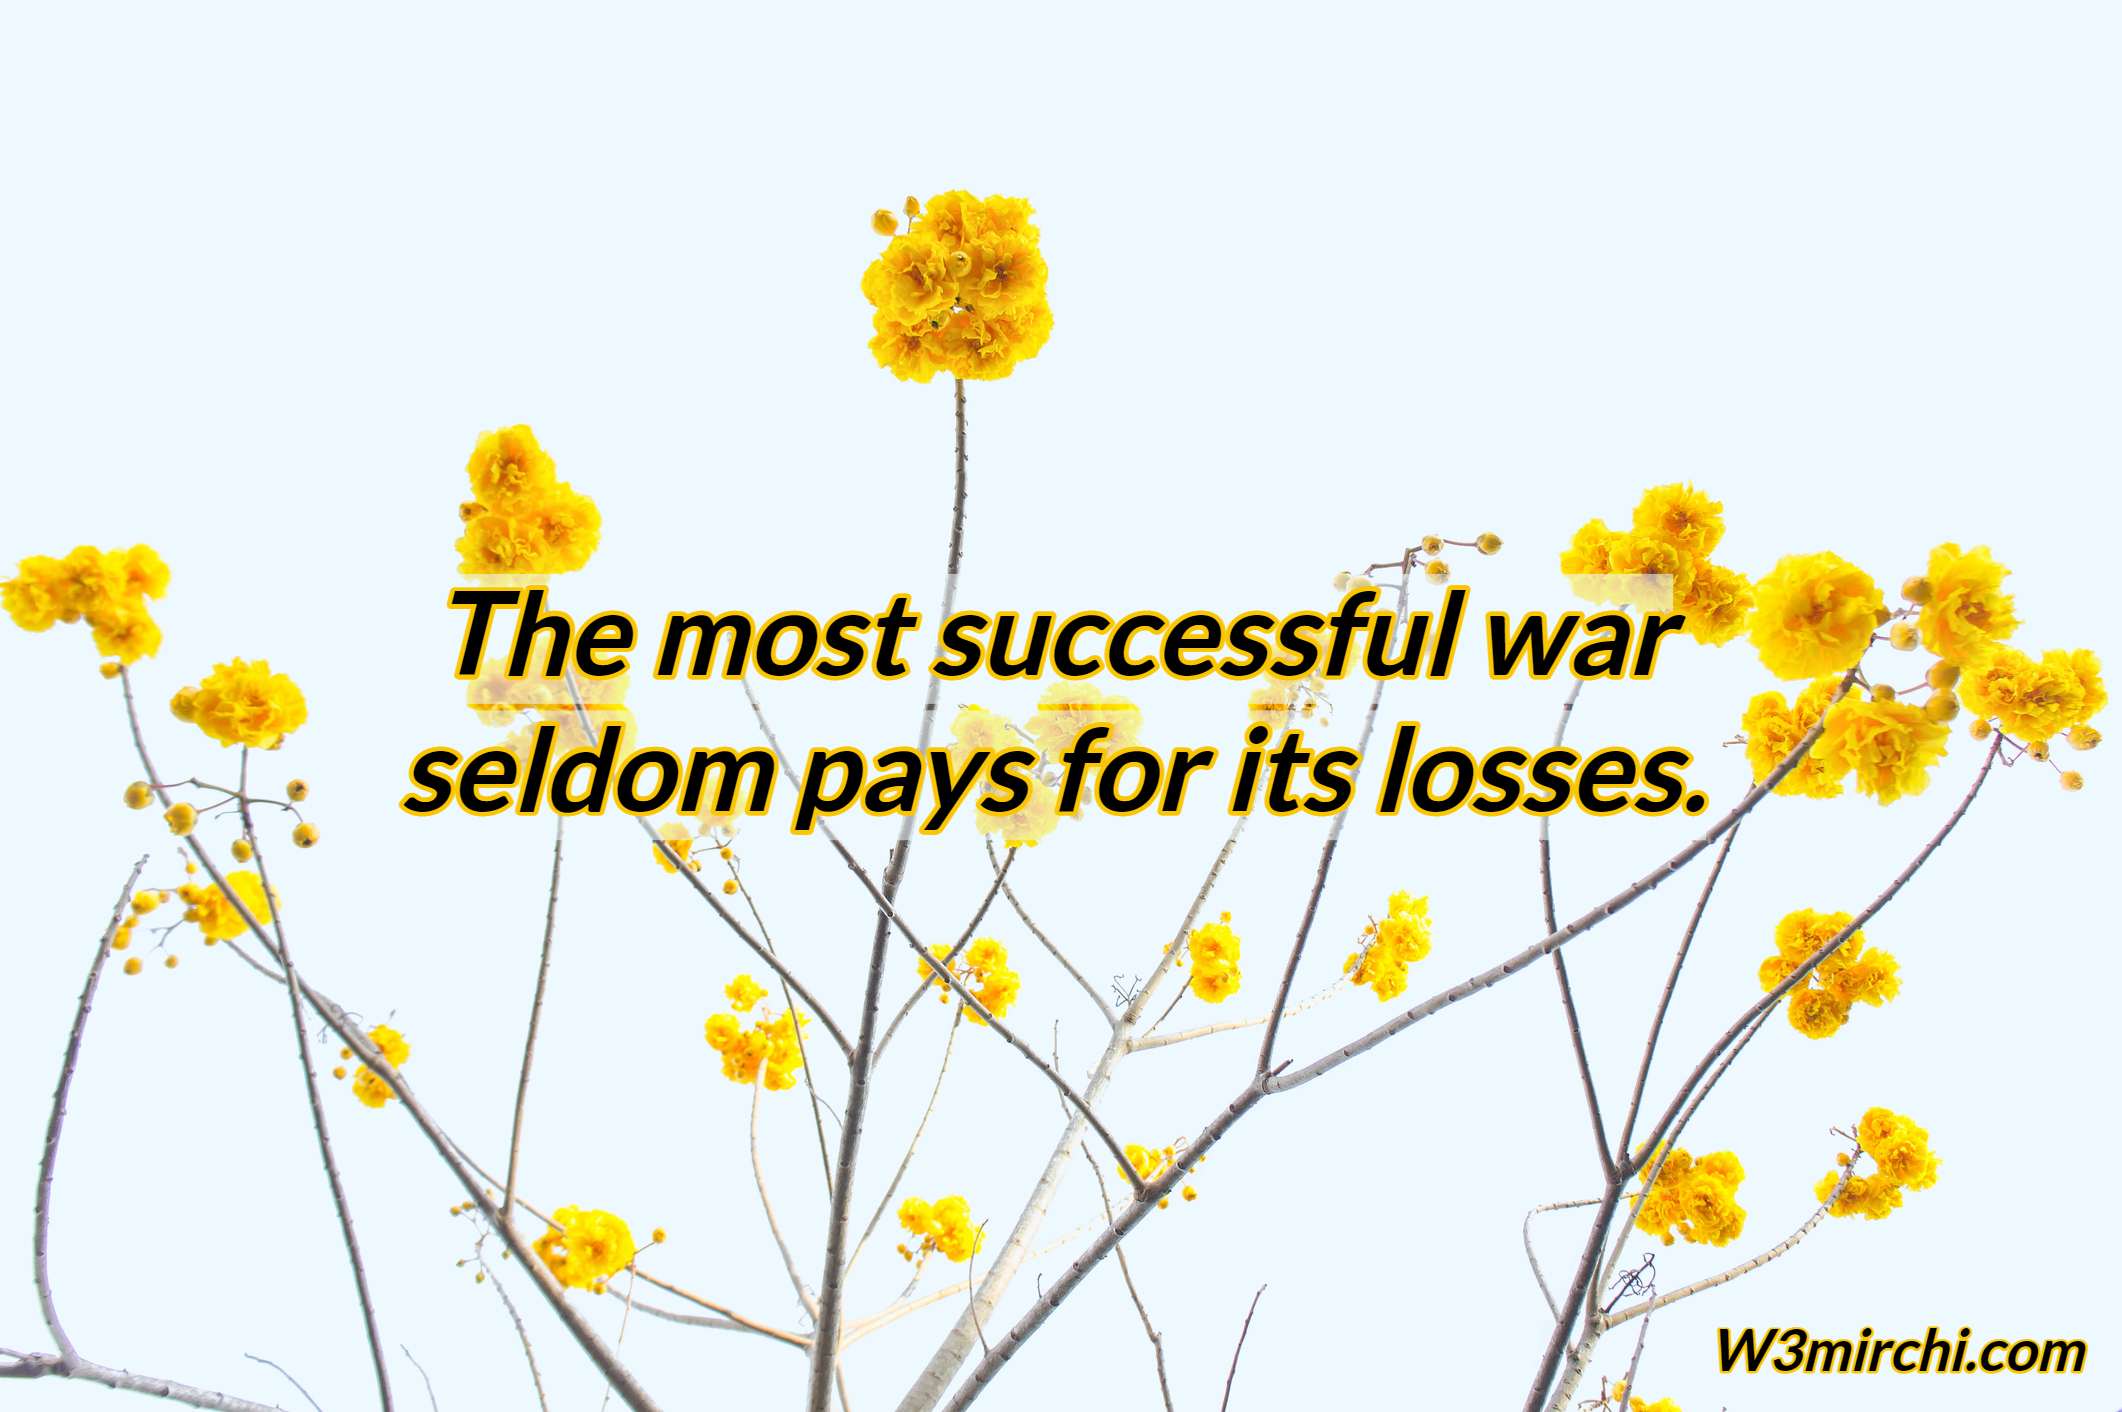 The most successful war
==
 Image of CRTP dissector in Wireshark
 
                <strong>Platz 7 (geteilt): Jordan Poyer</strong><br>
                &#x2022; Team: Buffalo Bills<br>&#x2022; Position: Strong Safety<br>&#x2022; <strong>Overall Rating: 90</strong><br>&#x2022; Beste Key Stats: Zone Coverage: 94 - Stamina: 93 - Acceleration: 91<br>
...
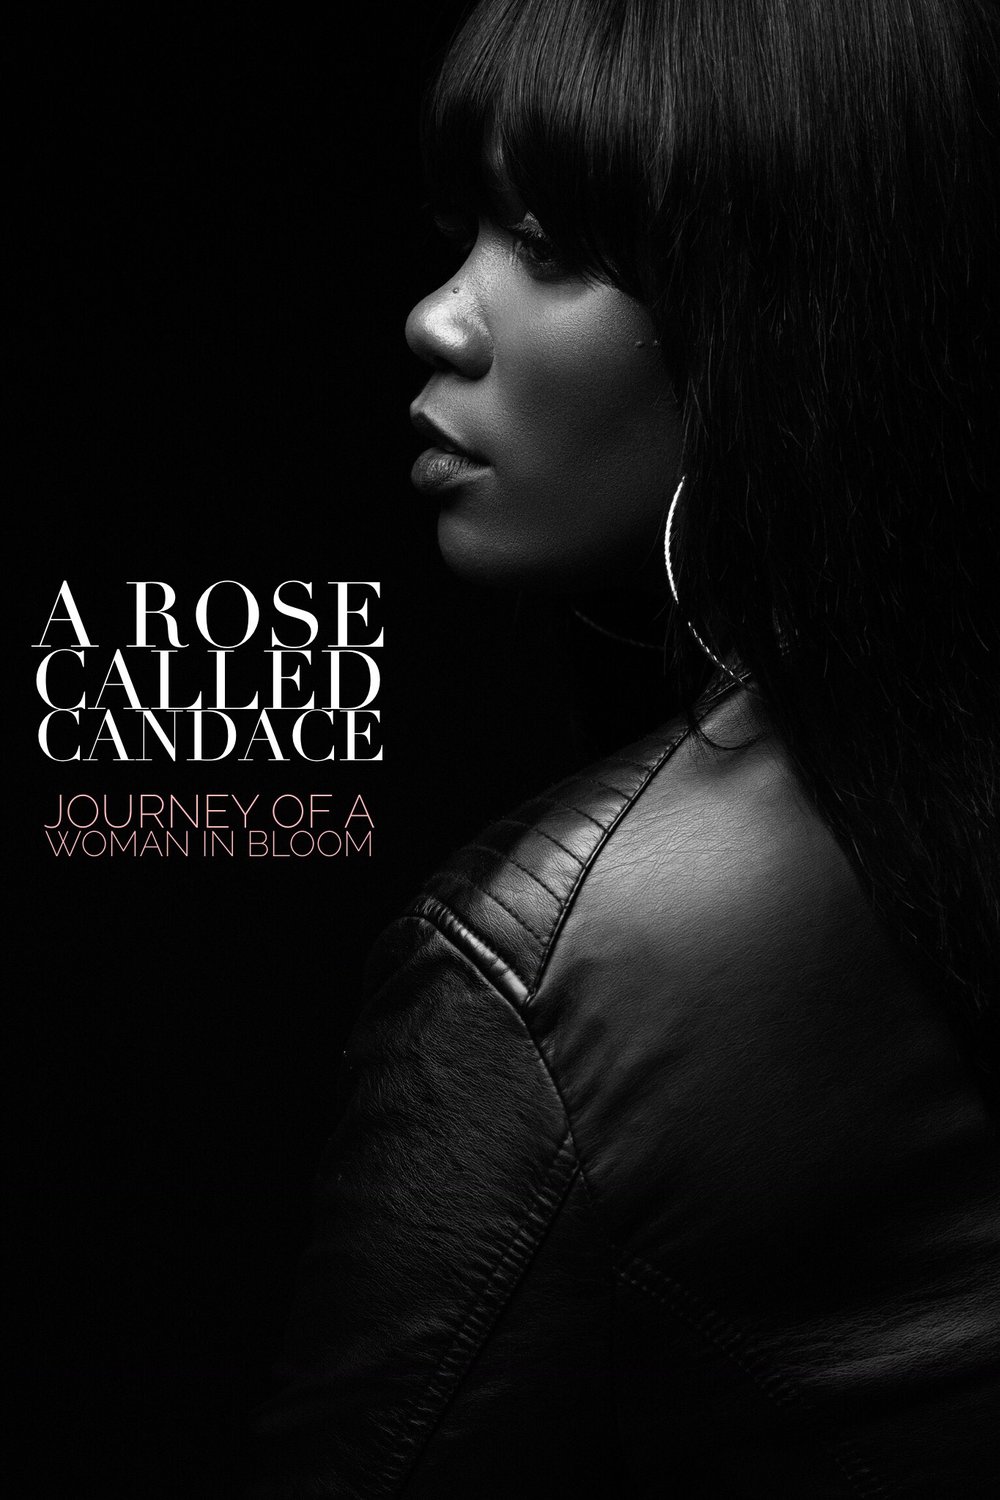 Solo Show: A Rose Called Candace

How to complete this task: Your answer should be a single number: how many lines in the preceding entries contain "strong".

Result for this task: 2